Another less obvious consideration is how the stored charge of the diode is affected by applied voltage. On every
switching transition when the HS node transitions from low to high, charge is removed from the boot capacitor to
charge the capacitance of the reverse-biased diode. This is a portion of the driver power losses and it reduces
the voltage on the HB capacitor. At higher applied voltages, the stored charge of the UCC2720x PN diode is
often less than a comparable Schottky diode.
Layout Recommendations
To improve the switching characteristics and efficiency of a design, the following layout rules should be followed.
• Locate the driver as close as possible to the MOSFETs.
• Locate the VDD and VHB (bootstrap) capacitors as close as possible to the driver.

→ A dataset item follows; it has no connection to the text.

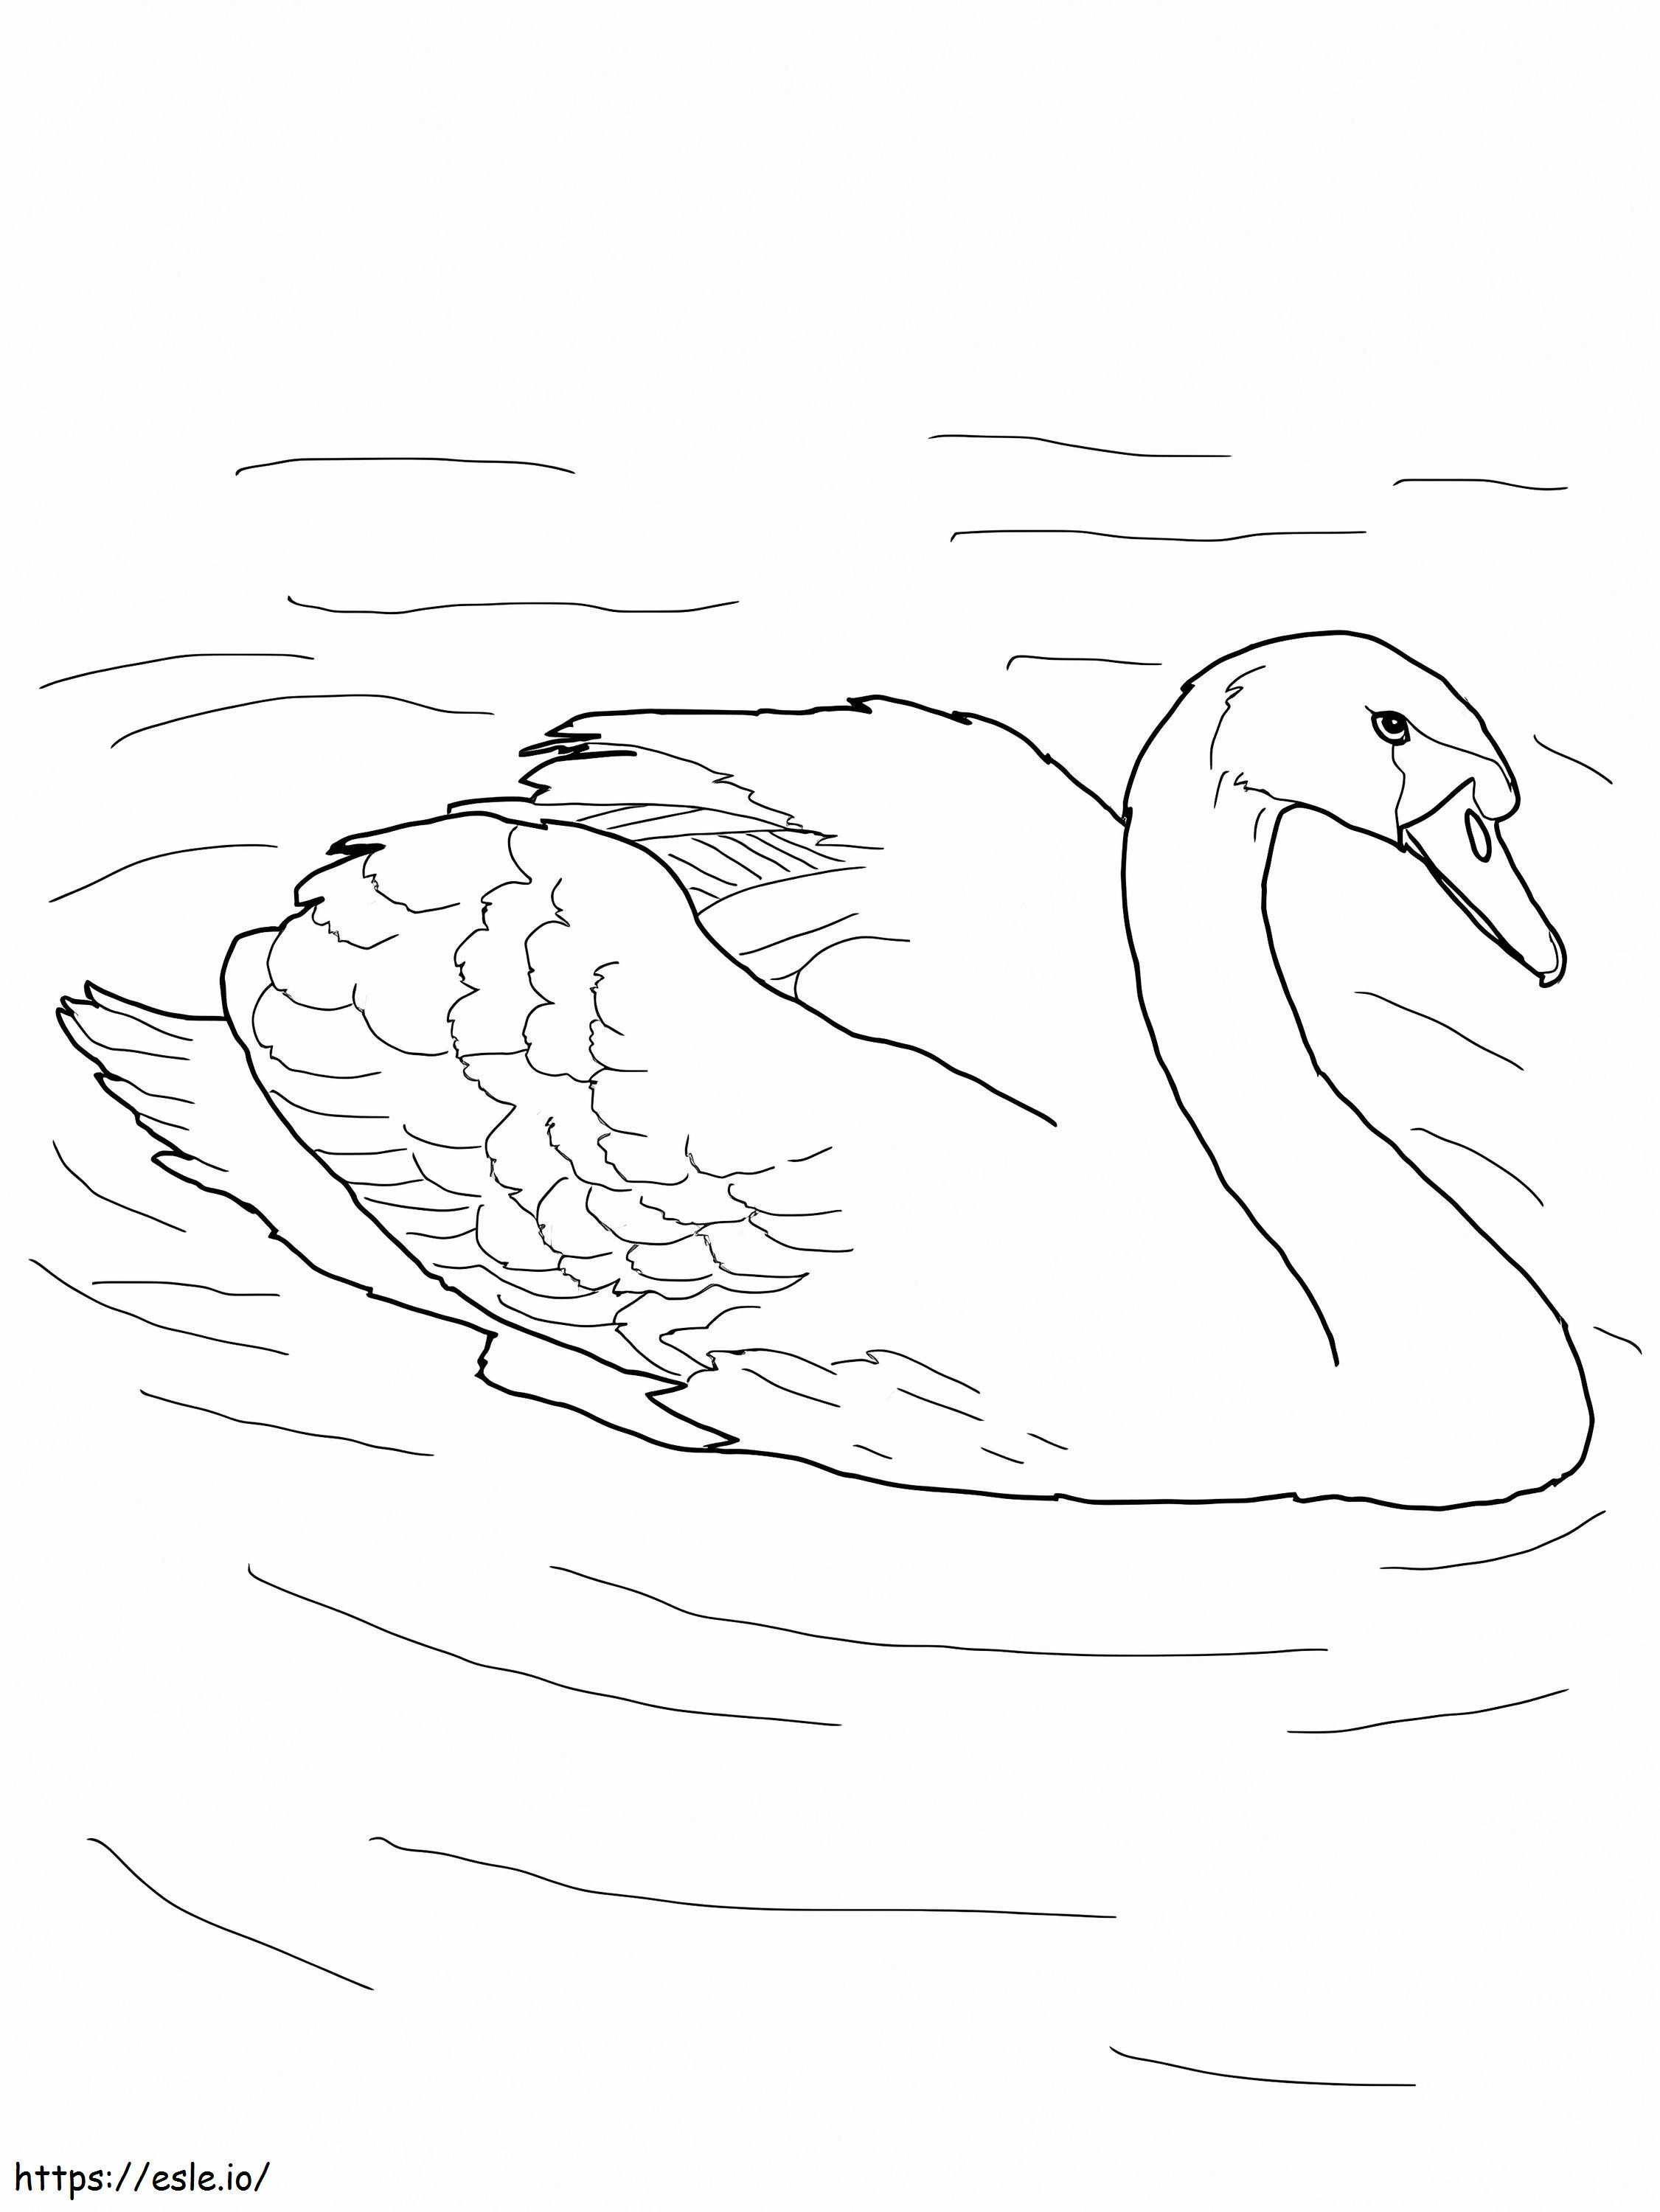 Mute Swan In A Pond coloring page
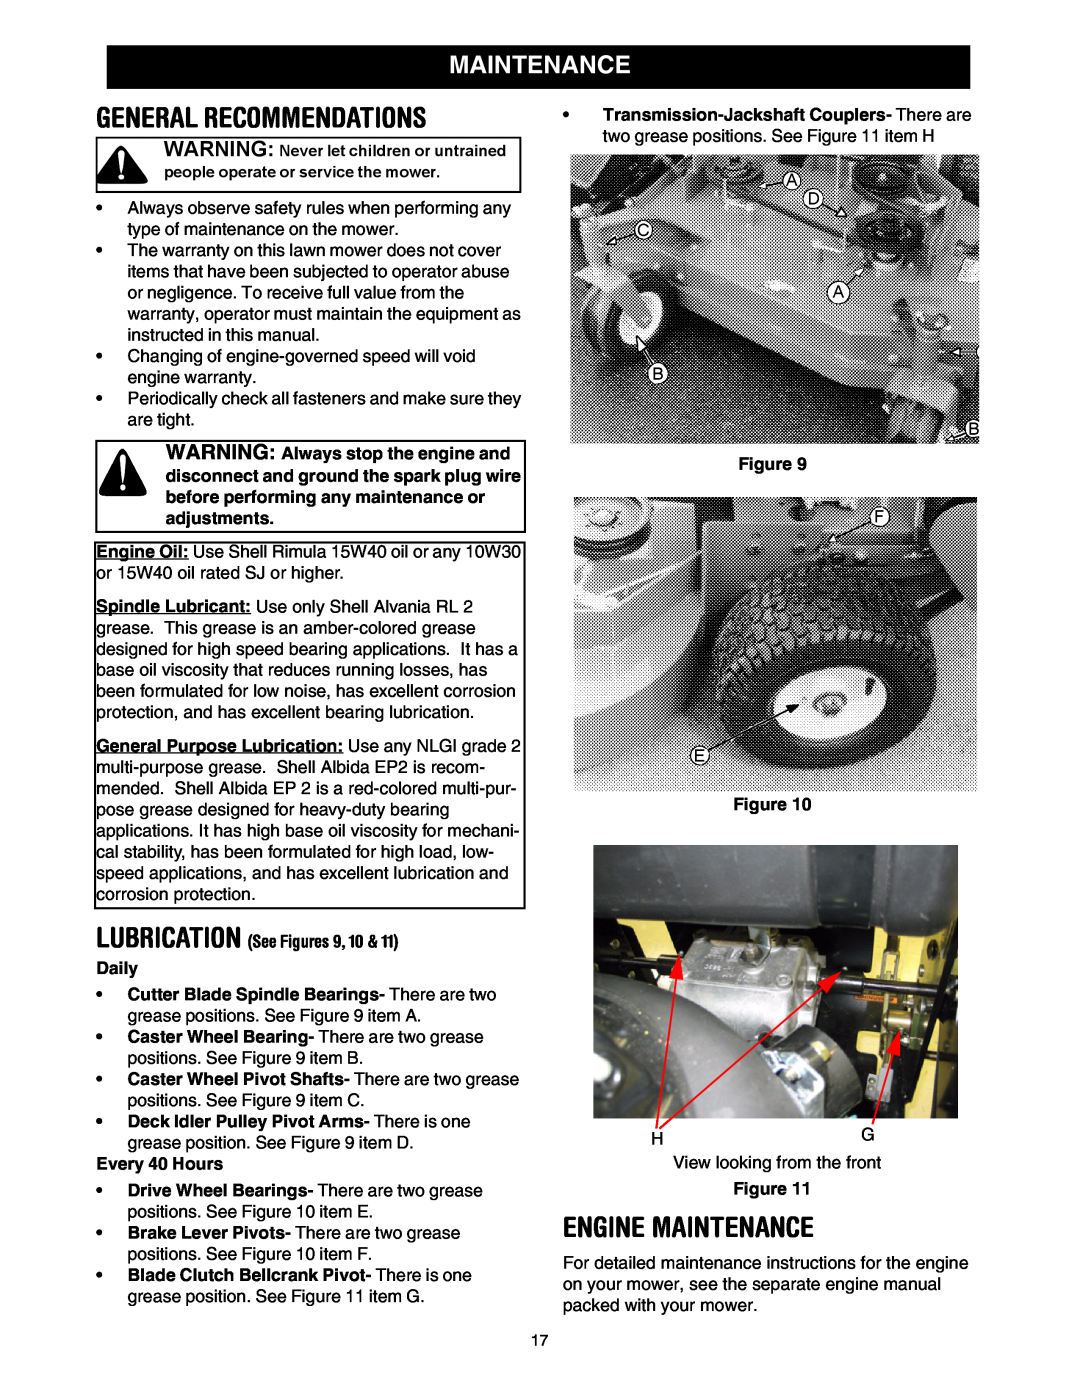 Cub Cadet G 1236 service manual General Recommendations, Engine Maintenance, Daily, Every 40 Hours

• Pay close attention to the GND trace. Use the thermal pad of the DDA package as GND by connecting it to
the VSS pin (GND). Note: The GND trace from the driver goes directly to the source of the MOSFET but
should not be in the high current path of the MOSFET(S) drain or source current.
• Use similar rules for the HS node as for GND for the high side driver.
• Use wide traces for LO and HO closely following the associated GND or HS traces. Where possible, widths of
60 mil to 100 mil are preferred.
• Use two or more vias if the driver outputs or SW node need to be routed from one layer to another. For GND,
the number of vias should be a consideration of the thermal pad requirements as well as parasitic inductance.
• Avoid LI and HI (driver input) going close to the HS node or any other high dV/dT traces that can induce
significant noise into the relatively high-impedance leads.
• Keep in mind that a poor layout can cause a significant drop in efficiency versus a good PCB layout and can
even lead to decreased reliability of the whole system.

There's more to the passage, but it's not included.